As has been effectively demonstrated in other fields1, such limitations can be overcome through moving to software capable of combining the computational power of thousands of processor cores distributed across the nodes of compute clusters and large supercomputers. To address this need, we developed DISSECT (http://www.dissect.ed.ac.uk), a new, highly scalable and freely available tool that is able to perform a large variety of genomic analyses across huge numbers of individuals. For increased versatility, the software also runs on single compute nodes (for example, desktops, regular workstations or single compute nodes on a cluster). Here we describe the methods underpinning our tool and demonstrate its usefulness by addressing the challenge of predicting phenotypes from genotype data in unrelated humans.
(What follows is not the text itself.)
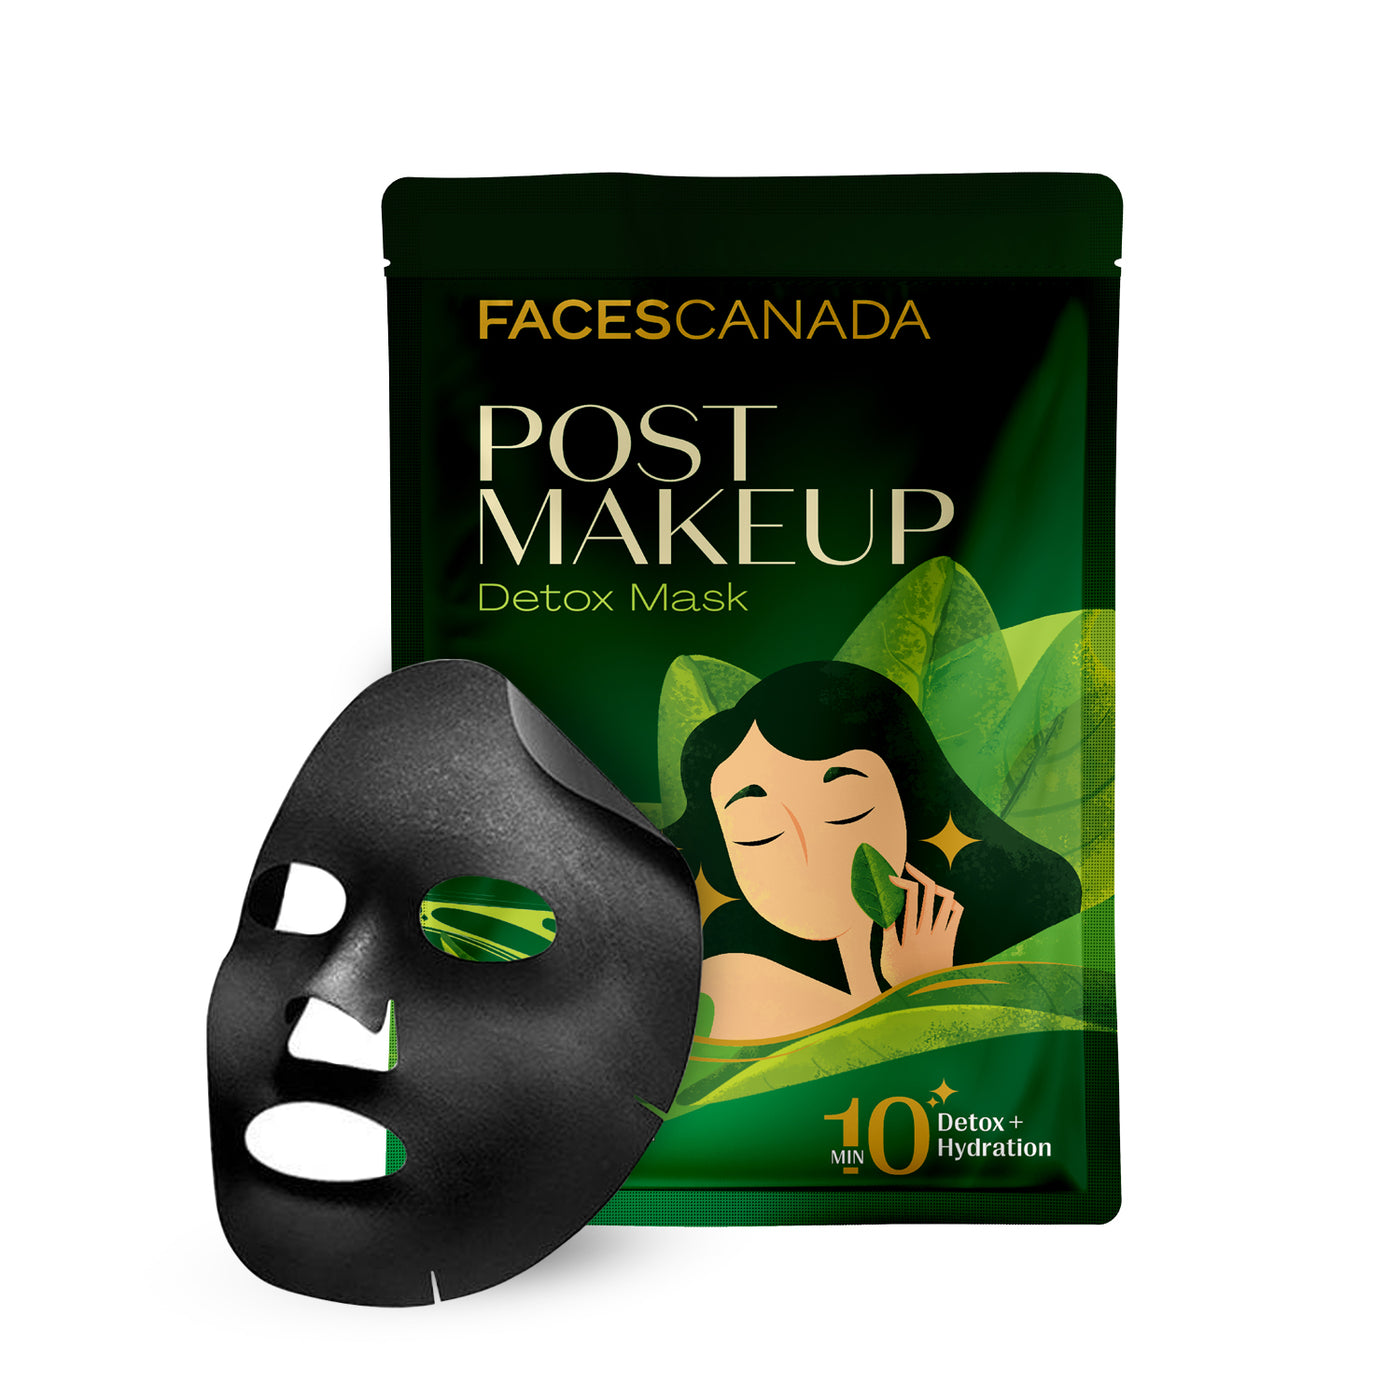 Post-Makeup Detox Mask

Phenotypic prediction is of central interest to disciplines such as quantitative genetics, animal breeding or human medicine and is one of the driving forces behind large-scale genotyping and sequencing projects in a wide range of species10,11,12,13,14. Despite considerable efforts, predicting complex traits in unrelated humans has been an elusive goal12,15. Accurate prediction of complex traits is expected to be strongly dependent on the availability of sufficiently large data sets11,15,16 and the capacity to analyse all these data together, which makes this an ideal challenge to showcase DISSECT’s capabilities. We therefore simulate a cohort of half a million individuals and use DISSECT and the aggregated power of 8,400 processor cores to analyse it. We show that MLMs could be used to predict quantitative traits with increasing accuracy as the sample size of the training cohort increases and achieve over 80% of the theoretical maximum accuracy when the training cohort has 470,000 individuals. We study different scenarios where the genotyping array contains only 20% of the quantitative trait nucleotides (QTNs) together with non-casual single-nucleotide polymorphisms (SNPs), contains all the QTNs together with non-casual SNPs or contains only the QTNs. The improvement in prediction accuracy obtained by including all the QTNs in the array is smaller than by removing the non-causal SNPs from the array, thus indicating the strong detrimental effect that the noise introduced by the non-causal SNPs has on prediction accuracy, even when using large sample sizes.

Results

Overview of DISSECT

Commonly used statistical analyses of genetic and genomic data are computationally intensive due to the requirement to perform different types of matrix operations. The computational requirements (that is, the compute and memory capacity that is required to perform linear algebra operations on these matrices) are usually a super-linear function of the number of markers and samples available. Therefore, the computational needs for the analysis of increasingly large data sets can rapidly surpass the computational capacity of single compute nodes (Fig. 1). DISSECT is designed to overcome these compute and memory limitations by taking advantage of the aggregate power of the thousands of processor cores and memory that are distributed across clusters of networked compute nodes. For this purpose, it distributes the available data over the multiple nodes using a two-dimensional block-cyclic distribution scheme17 (Fig. 1 and Supplementary Note 1). This is convenient, because it achieves a good load balance by splitting the work reasonably evenly among the nodes available, maximizing efficiency and minimizing run time. At any given time, each node has access to only a small portion of the data on which it performs local computations. When the algorithm requires access to blocks of data currently held on other nodes, the nodes communicate to coordinate data redistribution (Supplementary Note 1). In addition, one node (the ‘root’ node) takes on the role of coordinating the work of all the other nodes and of performing small summarizing computations. If data sets are small enough to fit in the available memory of the root node, then the root node also handles the data input and output. However, when this is not possible, because the volume of data exceeds the available memory of the root node, then the processes of data loading or storing are also distributed across multiple nodes (Supplementary Note 1).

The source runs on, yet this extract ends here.